CBS News/AP November 7, 2014, 8:52 AM

Quote:
http://blog.sfgate.com/sfmoms/files/2014/11/Hajek-Richardson.png
COLMA, Calif. -- A shopper at a Northern California clothing store said she was punched in the face after telling a mother to quiet down her child, who was throwing a tantrum.

Natalie Bree Hajek-Richardson told CBS SF Bay Area that she was in the checkout line of the Nordstrom Rack in Colma, Calif., when a child between the age of 4 and 6 began throwing a loud tantrum.


"It didn't bother me that the child was throwing the tantrum, but the volume was very loud, it was hurting my ears," Hajek-Richardson said.

Hajek-Richardson said she nicely asked the child's mother to quiet the child down, and was met with hostility.

"She came to the side of me and told me not to tell her child what to do. And I told her that I didn't ask your child what to do, I asked you very nicely to calm down your child just a little bit," Hajek-Richardson said.

Hajek-Richardson said she then returned the harsh words.

"I told her to go to hell and she told me I'll see you there," she said.

When Hajek-Richardson left the store, she said the mom followed her to her car.

Video shows a woman in a red shirt walking toward Hajek-Richardson, before both women fall to the asphalt. Hajek-Richardson said she was punched twice in the face.

Police told CBS SF Bay Area they were reviewing the surveillance video.
0 Replies
 
contrex
 
  1  
Reply Sun 9 Nov, 2014 06:25 am
I have to say, after seeing her picture, that if I had been around I would have certainly volunteered to take Ms Hajek-Richardson for a coffee and try to help her get over her very traumatic experience.
Olivier5
 
  1  
Reply Sun 9 Nov, 2014 08:19 am
@chai2,
Quote:
I don't believe a child has to be hit to learn to behave.

Depends on the kid. E.g. boys can be tougher to manage than girls. Some of the verbal ways i've seen parents use to deal with their unruly kids are manipulative and worse than the occasional a slap on their face.
0 Replies
 
glitterbag
 
  1  
Reply Sun 9 Nov, 2014 11:10 am
@contrex,
I'm sure they will find the woman who punched the other gal. She punched her so hard her gums were bruised and she may lose 3 teeth. So the lesson this Madonna taught her precious child was, if someone annoys you, it is your God given right to inflict serious damage to the one who annoyed you.

That was a serious assault, and caused significant damage. But Holy ****, don't stifle your child, allow them to morph into despicable self centered, entitled little jerks who don't think twice about anybody but number 1. This kids mother will be bailing out the indigo child soon enough, kids this special tend to become non productive adults constantly complaining that the world is against them.
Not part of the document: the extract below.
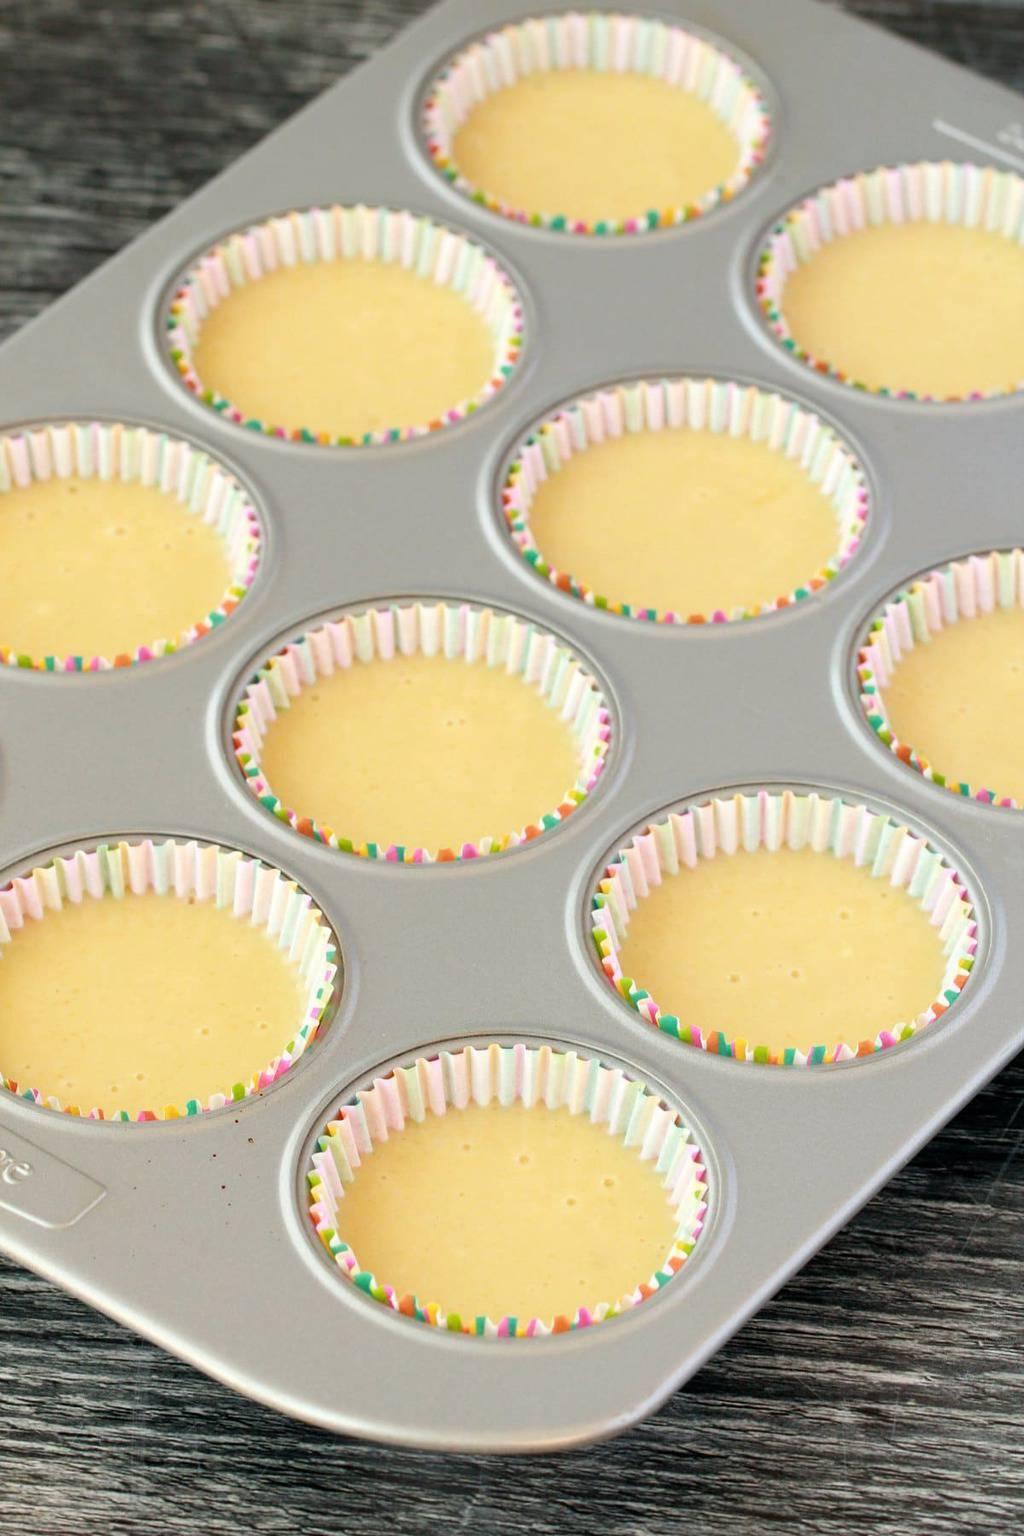 Making Vegan Peppermint Cupcakes #vegan #lovingitvegan #cupcakes #dairyfree

That's of course, if they don't wind up in jail.
firefly
 
  1  
Reply Tue 11 Nov, 2014 11:02 pm
@glitterbag,
Actually, I'm surprised whoever was at the front of the line didn't offer to let the mother of the screaming child go ahead of her, so she'd get the kid out of the store faster. That's what I think I might have done if I were on the line.

The woman should have gotten her child out of the store ASAP--possibly rapidly dropping her unpaid for items at the customer service desk, and quickly asking them to just hold them, if they were really important to her.

Other customers should not have been forced to endure her out-of-control child, nor should she have over-reacted to a request to quiet the child down. When your child is in that state, in a store or restaurant, you really have to remove them from the situation and deal with it privately, both for the child's sake, as well as for the benefit of others who are being disturbed by the child's unruliness.

I don't think the other woman made an unreasonable request. Just following that other woman to her car, let alone punching her in the face, are both very inappropriate, and the mother and child may both have serious anger management issues. In a child, that's part of their emotional and developmental immaturity. An adult has no such acceptable excuse.

There's road rage, and now there's apparently shopping rage too?

I hope they find this woman and hold her accountable for assault. She needs to learn to control herself.